» Directions for this task
Every line below from the one with "Mini bærbar scanner" through the one with "DEEBACO Women Grey" is to be repeated exactly, with no picture among them.

» Provided material

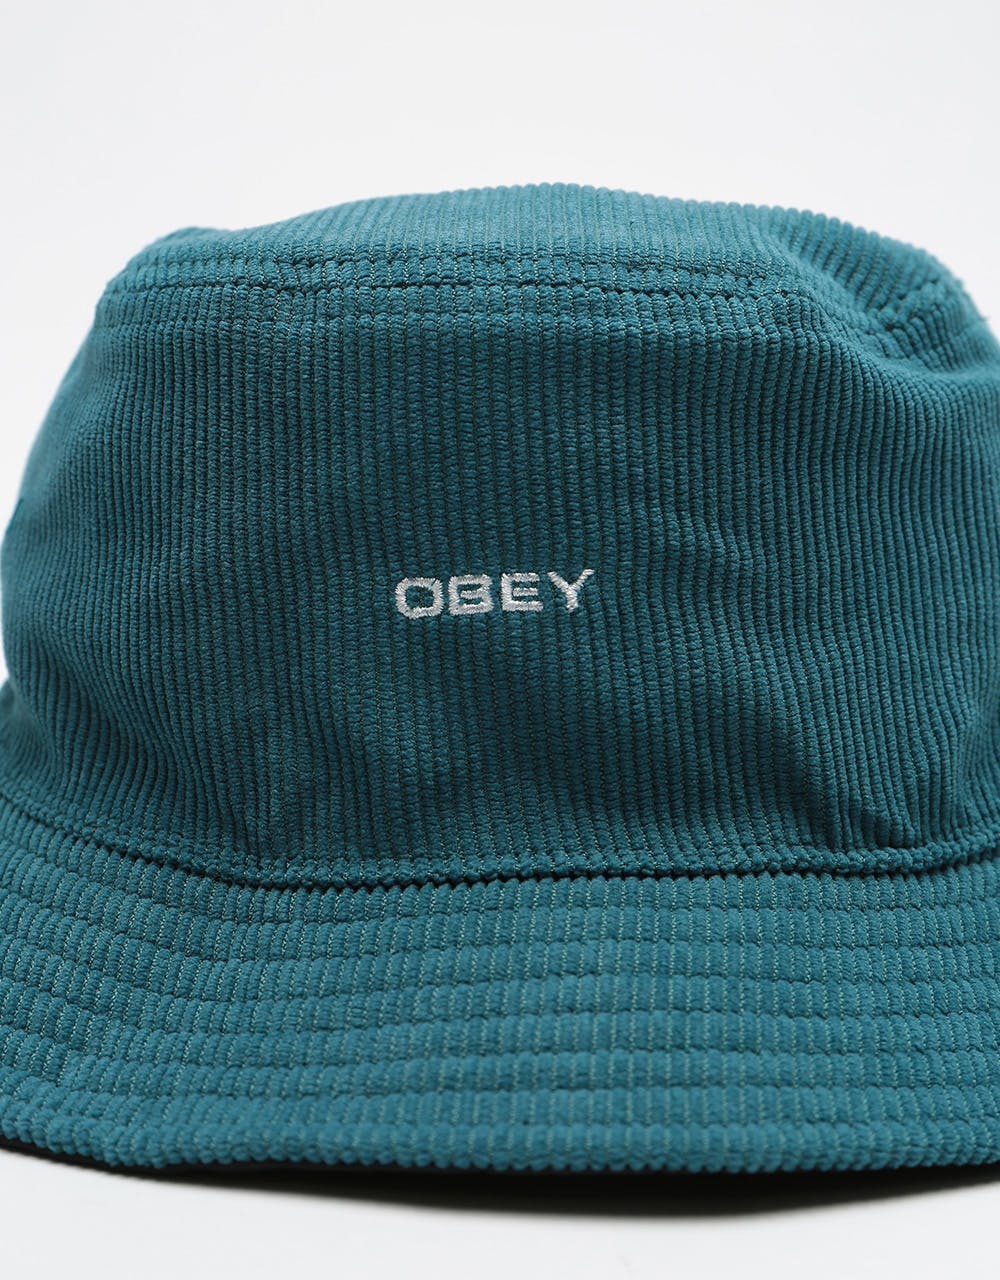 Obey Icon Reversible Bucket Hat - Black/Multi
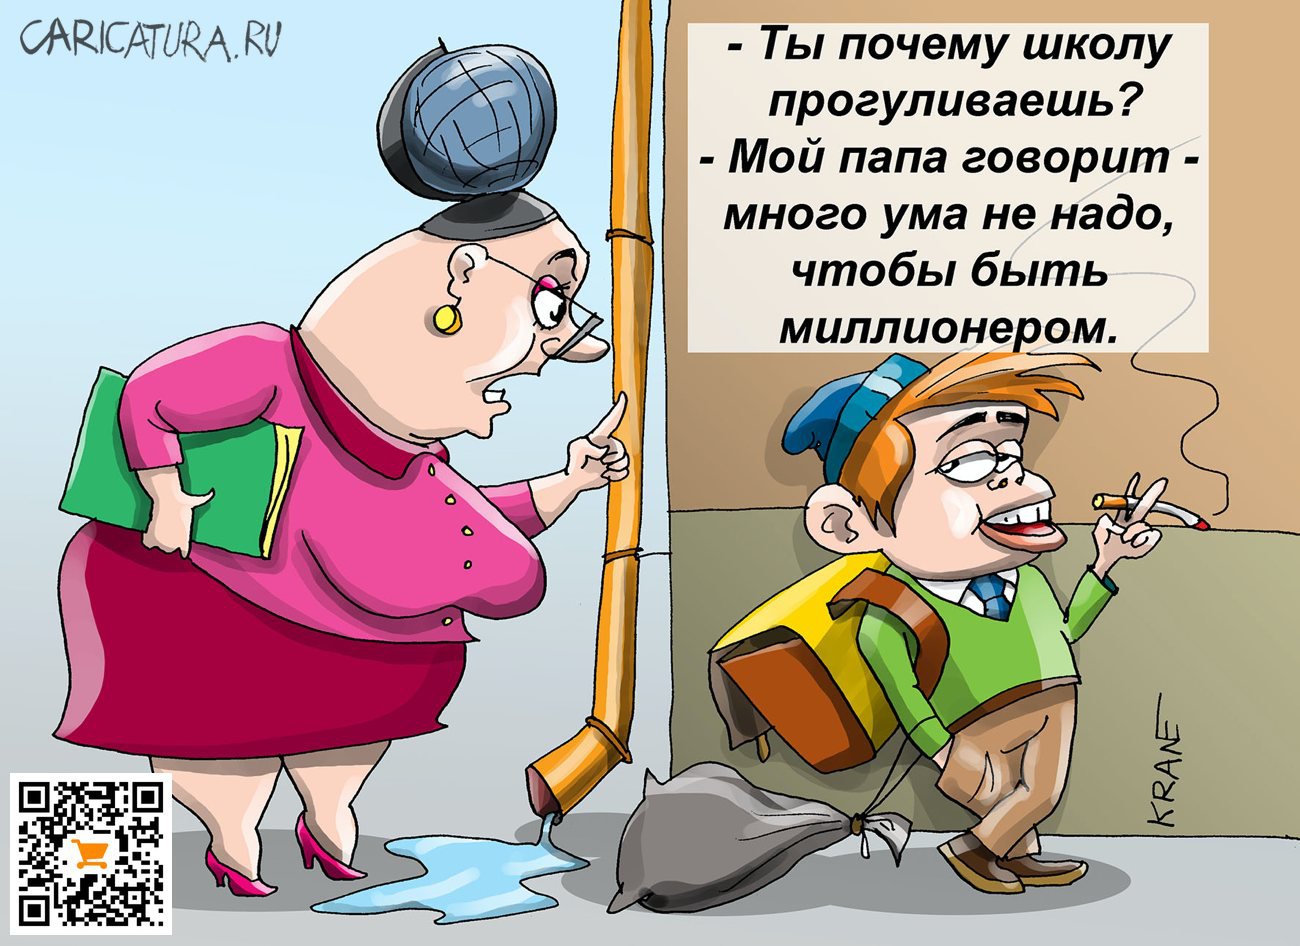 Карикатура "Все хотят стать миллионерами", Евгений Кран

---

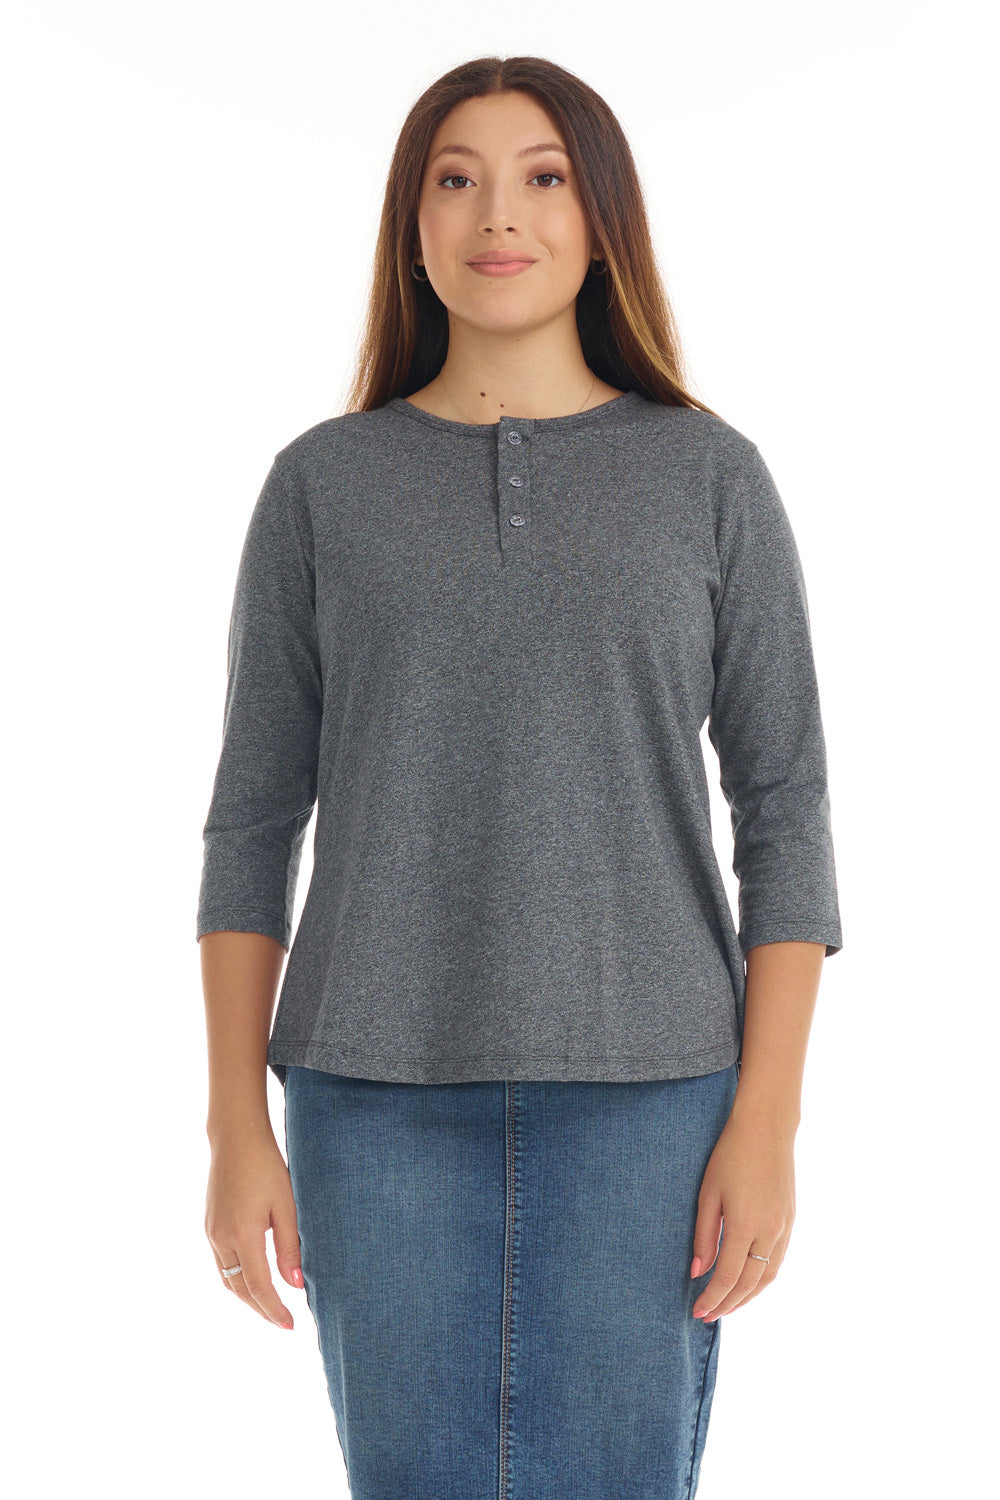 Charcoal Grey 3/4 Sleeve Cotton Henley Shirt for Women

* * *

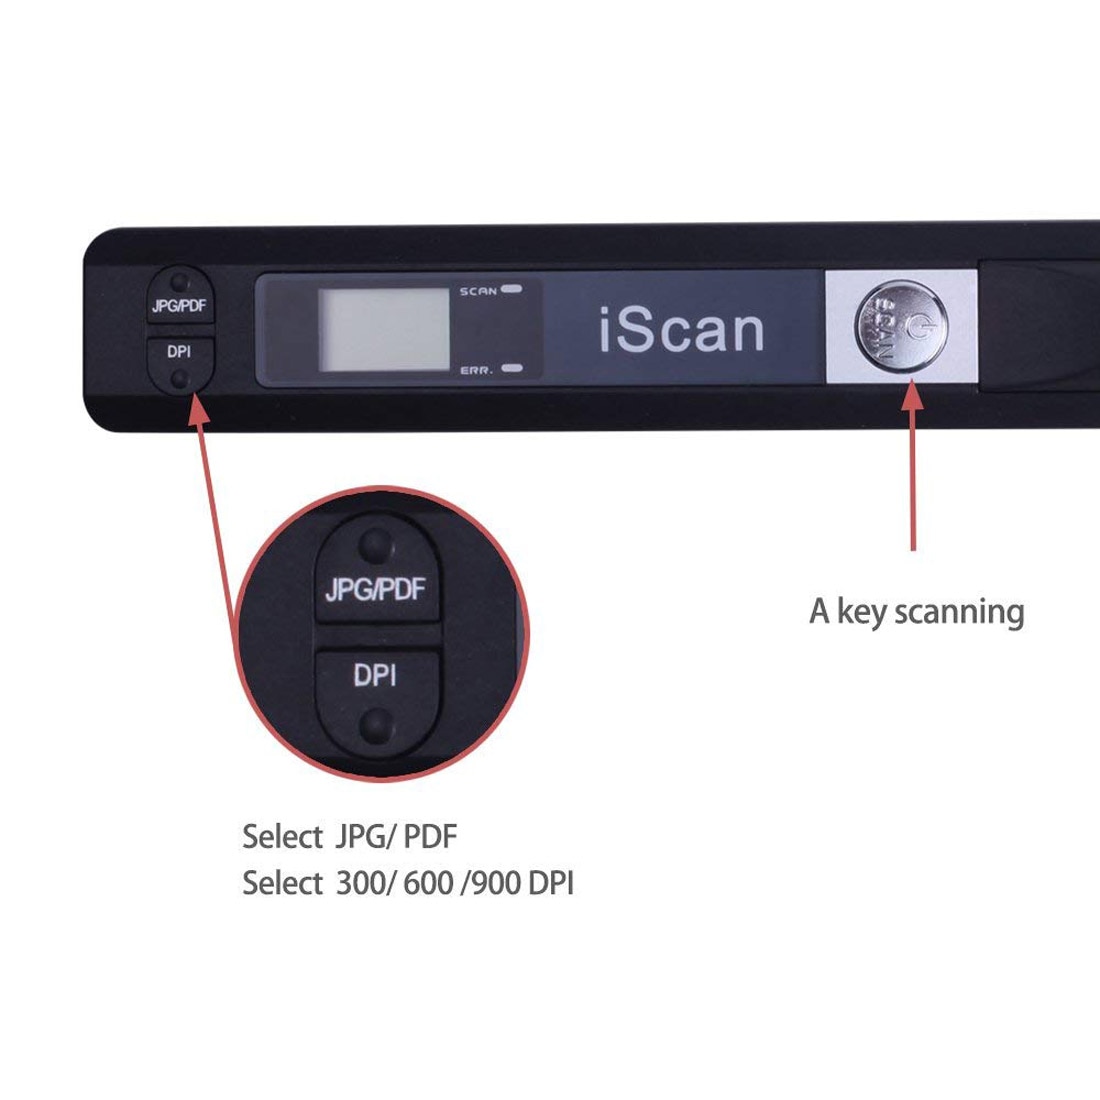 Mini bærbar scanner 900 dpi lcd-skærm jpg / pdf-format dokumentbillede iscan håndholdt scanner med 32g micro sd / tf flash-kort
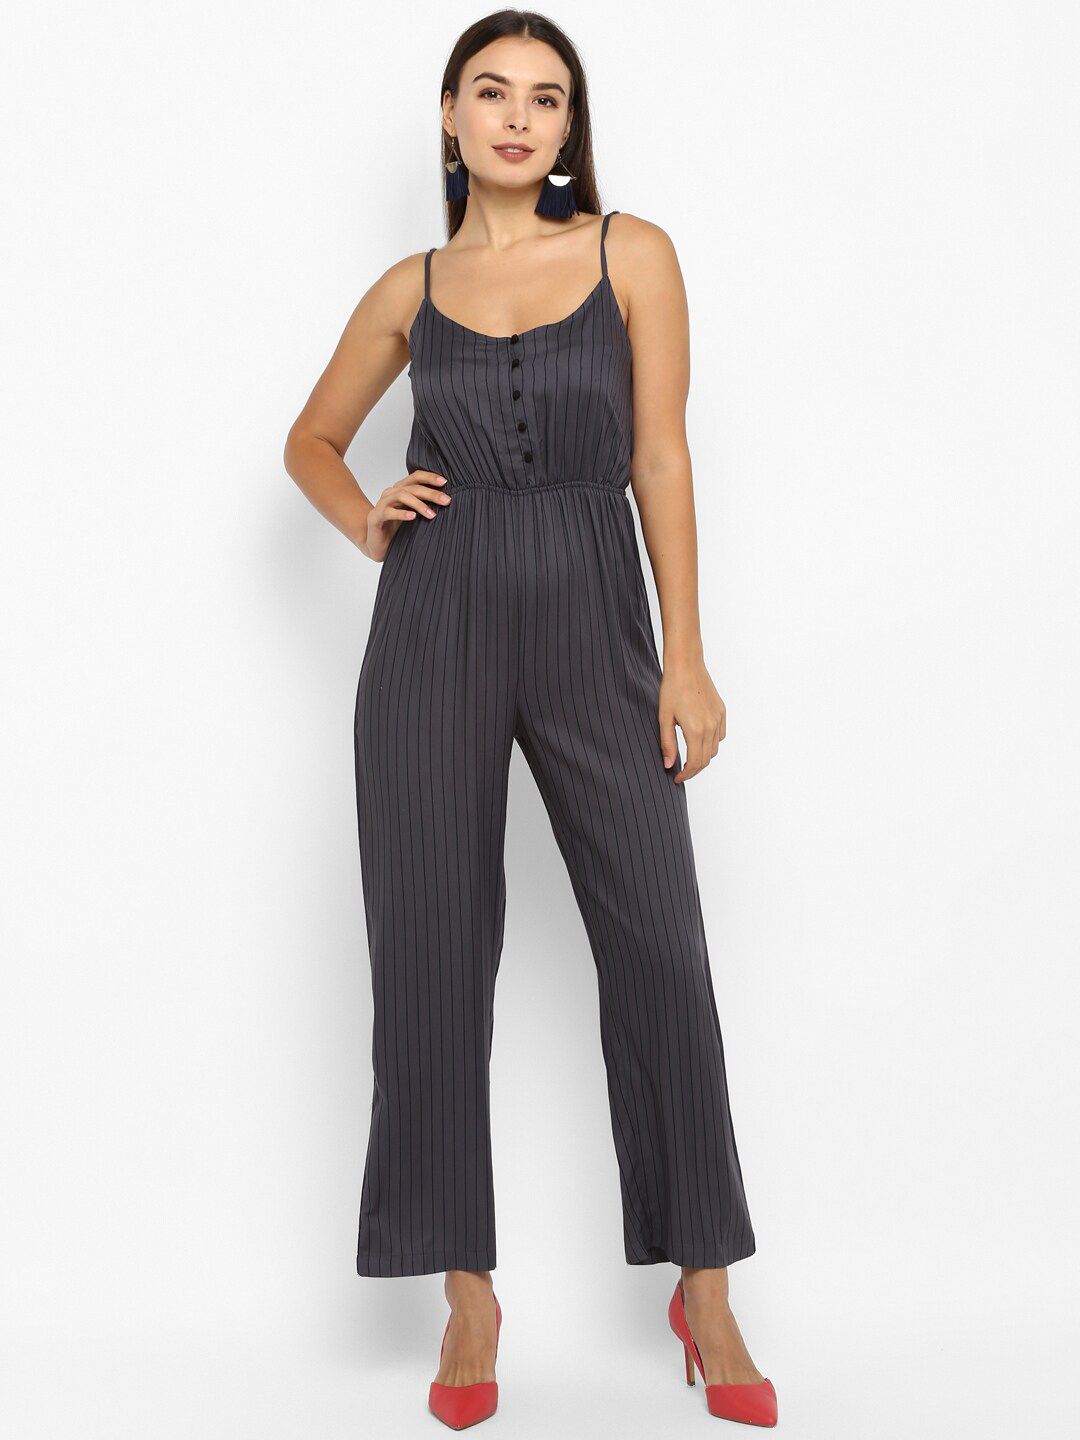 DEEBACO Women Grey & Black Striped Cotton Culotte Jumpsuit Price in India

» Reply
 Mini bærbar scanner 900 dpi lcd-skærm jpg / pdf-format dokumentbillede iscan håndholdt scanner med 32g micro sd / tf flash-kort
 DEEBACO Women Grey & Black Striped Cotton Culotte Jumpsuit Price in India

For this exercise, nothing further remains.